Exercise description: Write out the material below again, line for line, without any images.

Information shown:
------------------------------
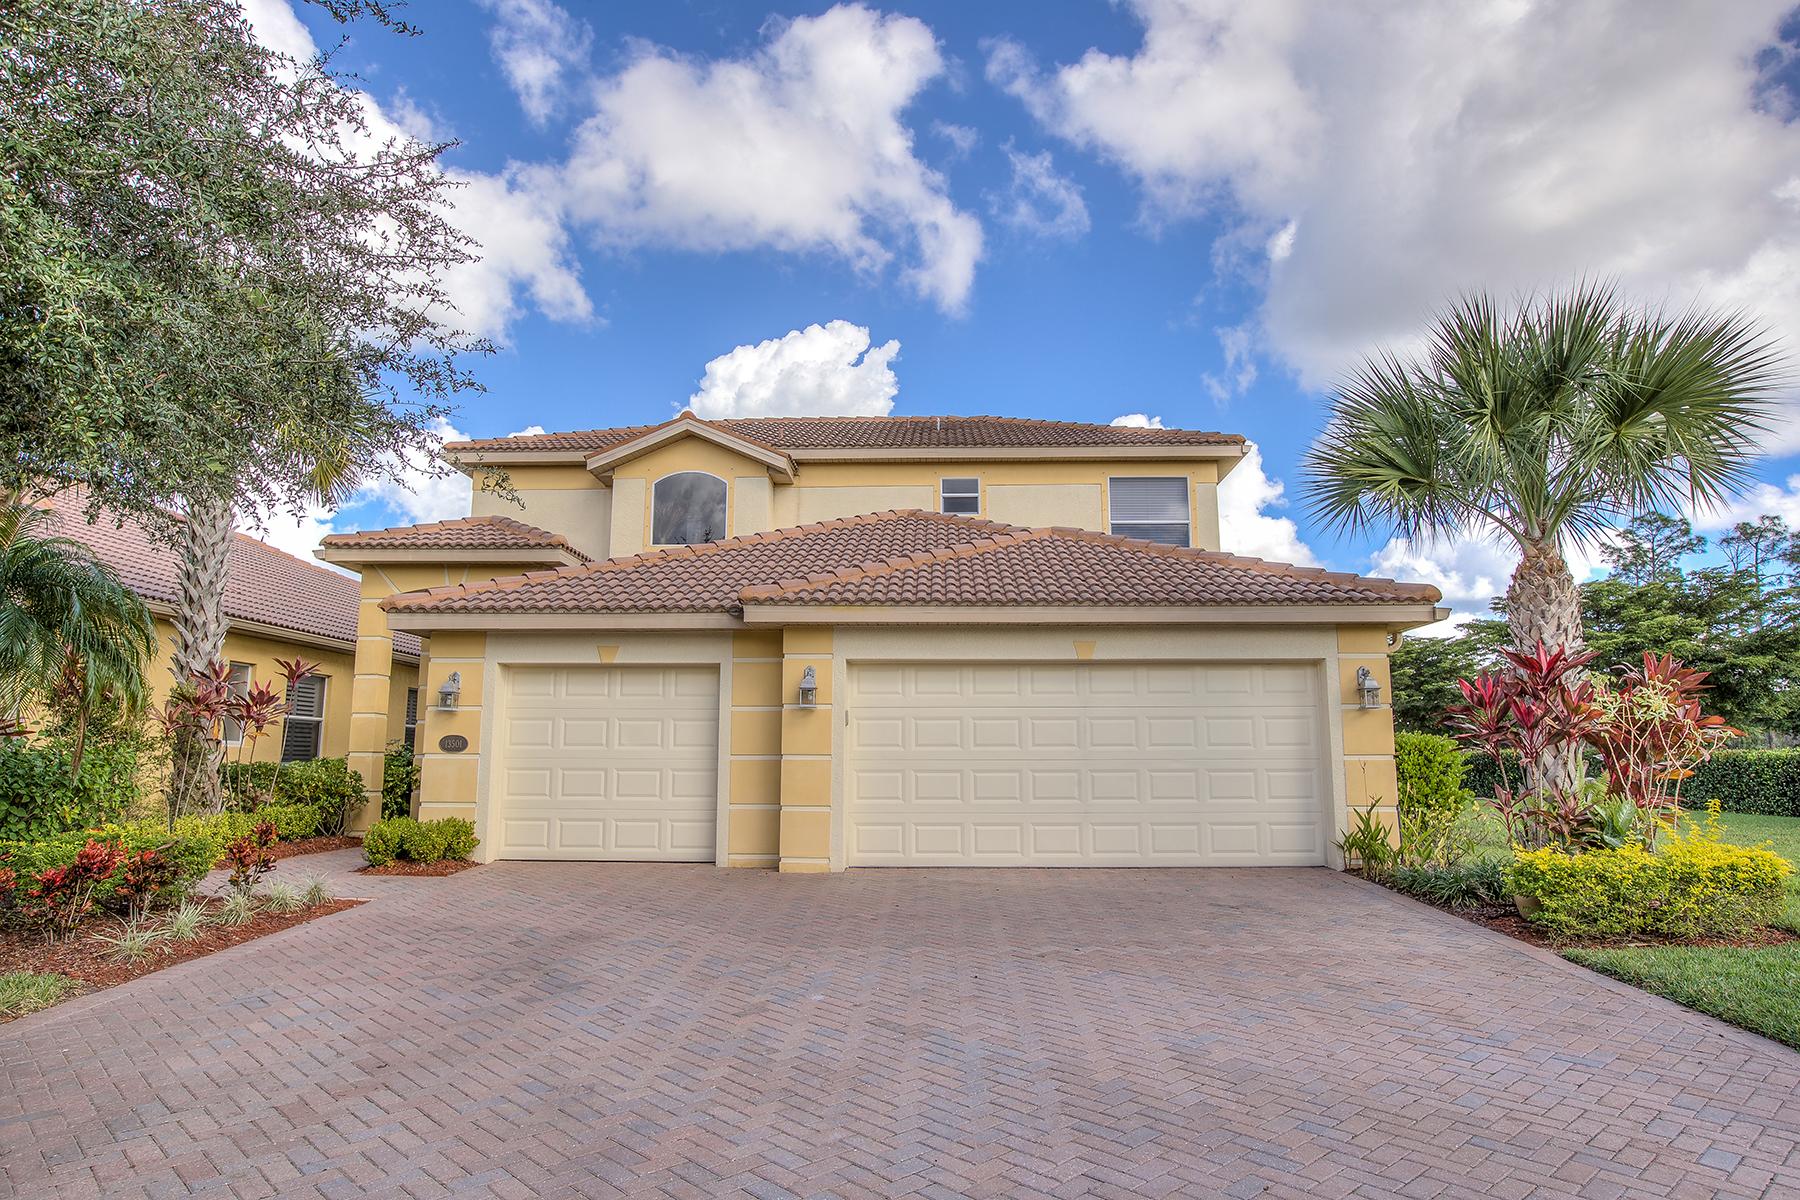 独户住宅 为 销售 在 BELLA TERRA 13501 Troia Dr 埃斯特罗, 佛罗里达州, 33928 美国
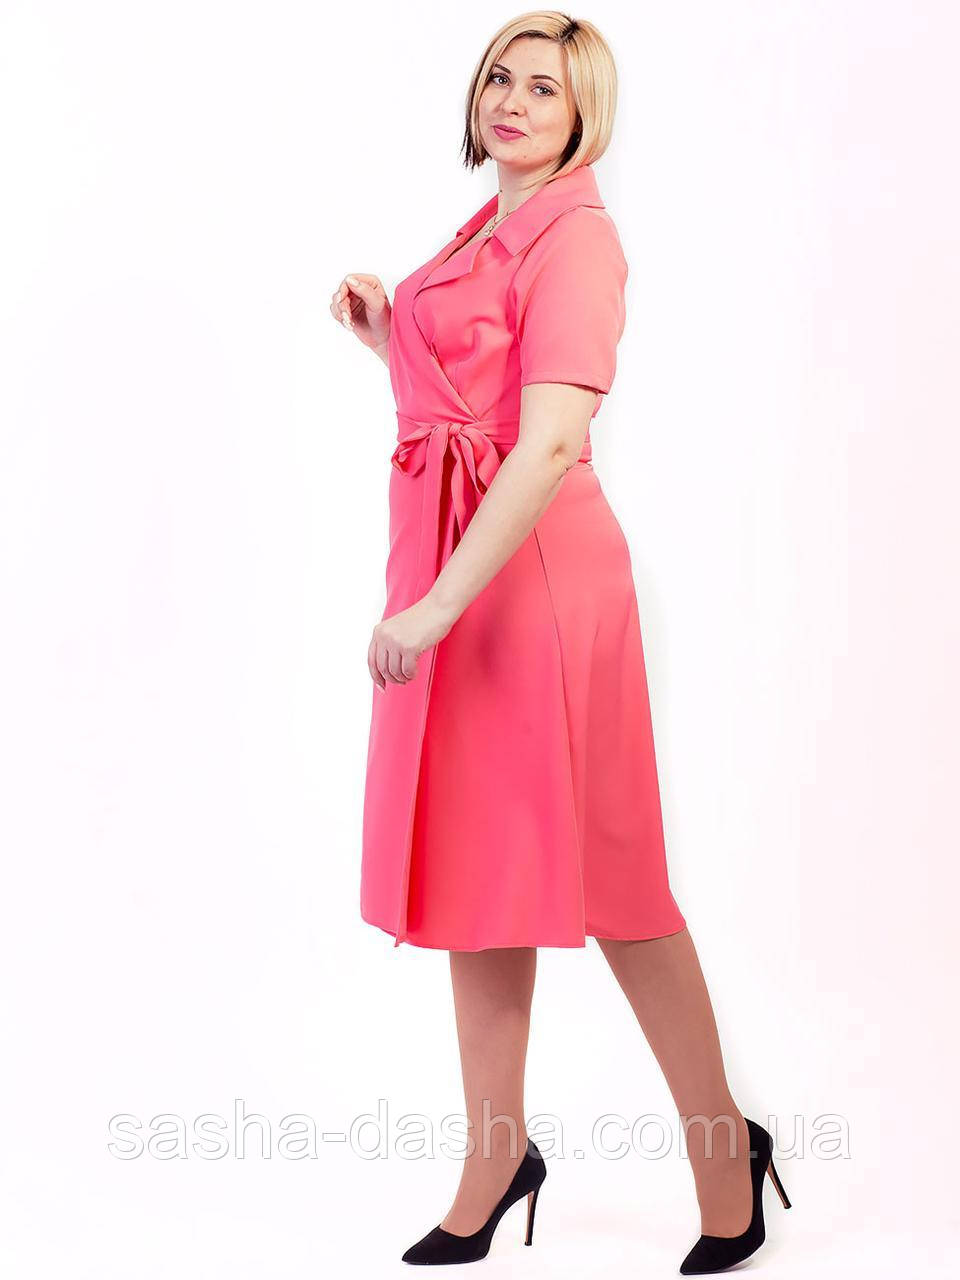 🌺 Элегантное летнее платье в больших размерах
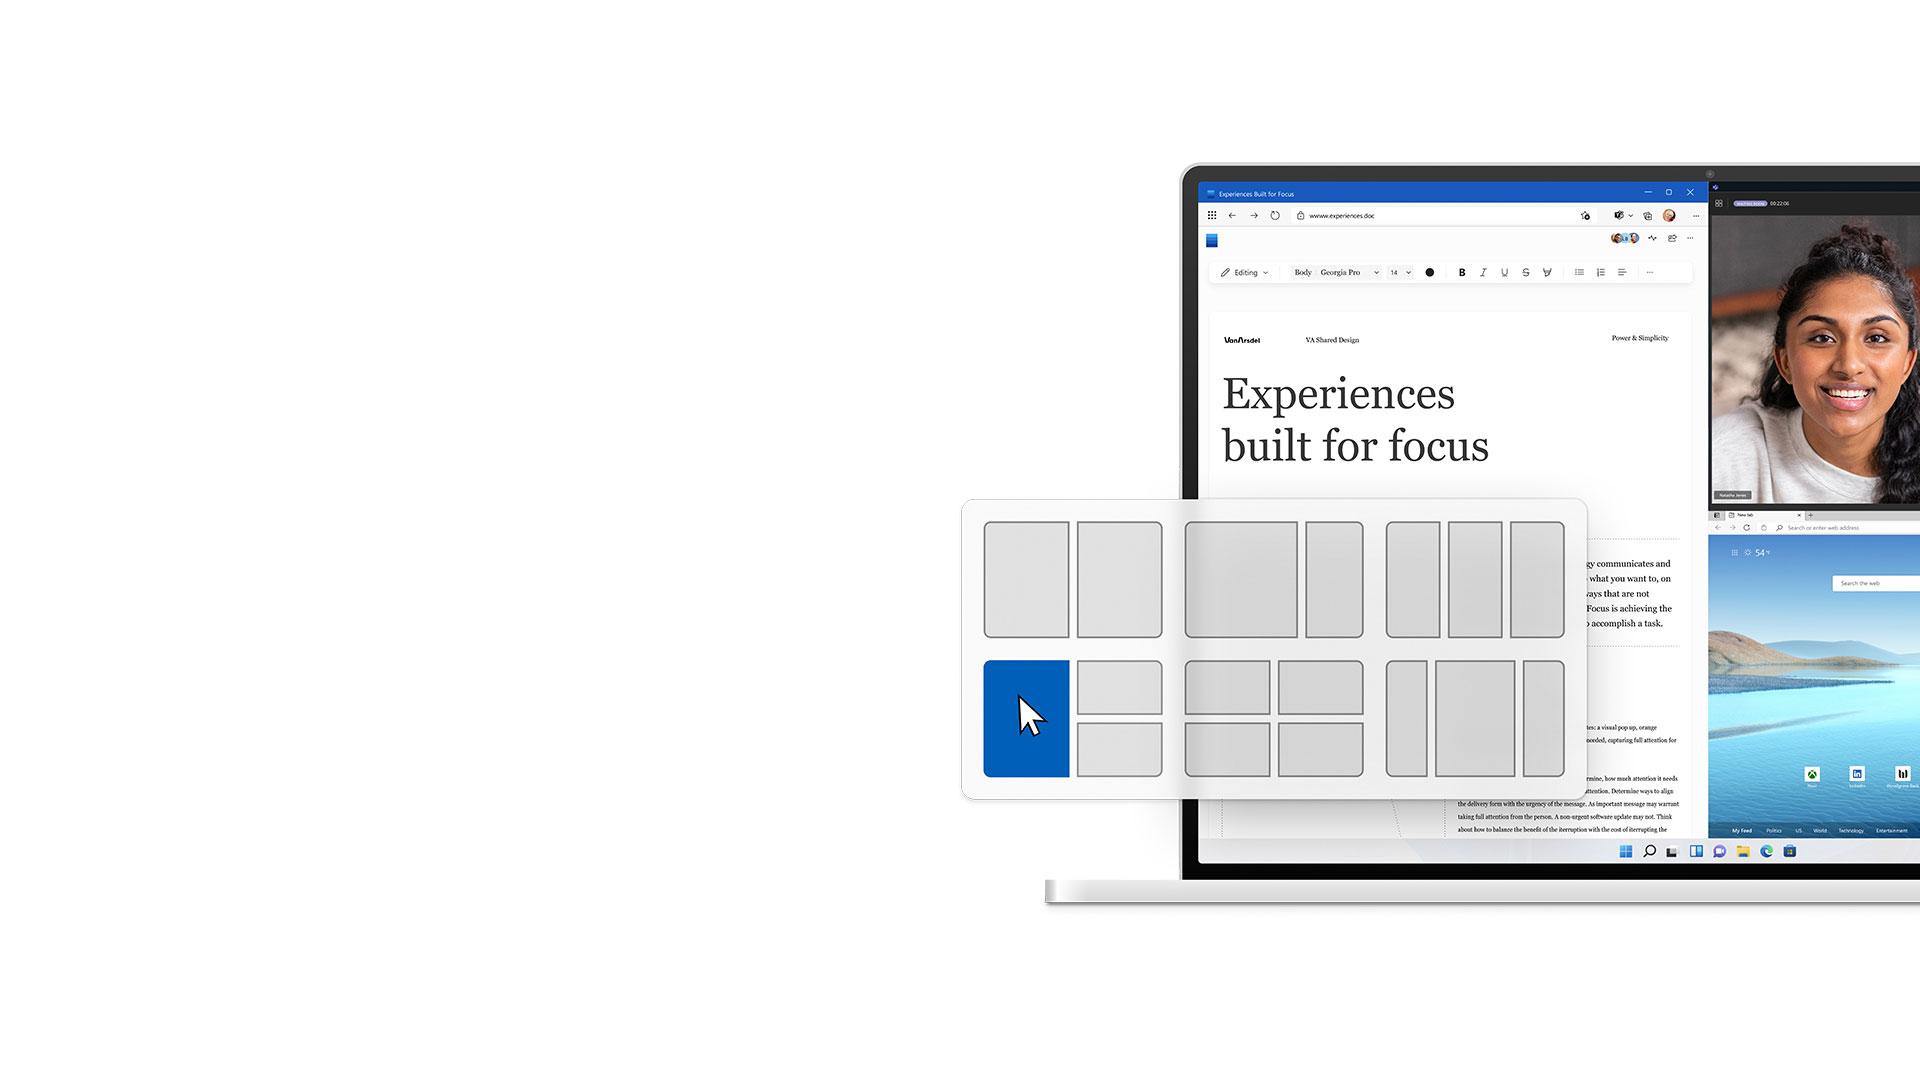 คุณลักษณะสแนปของ Windows 11 กำลังแสดงแอปพลิเคชัน 3 แอปบนหน้าจอเดียว
------------------------------
Task answer:
 独户住宅 为 销售 在 BELLA TERRA 13501 Troia Dr 埃斯特罗, 佛罗里达州, 33928 美国
 🌺 Элегантное летнее платье в больших размерах
 คุณลักษณะสแนปของ Windows 11 กำลังแสดงแอปพลิเคชัน 3 แอปบนหน้าจอเดียว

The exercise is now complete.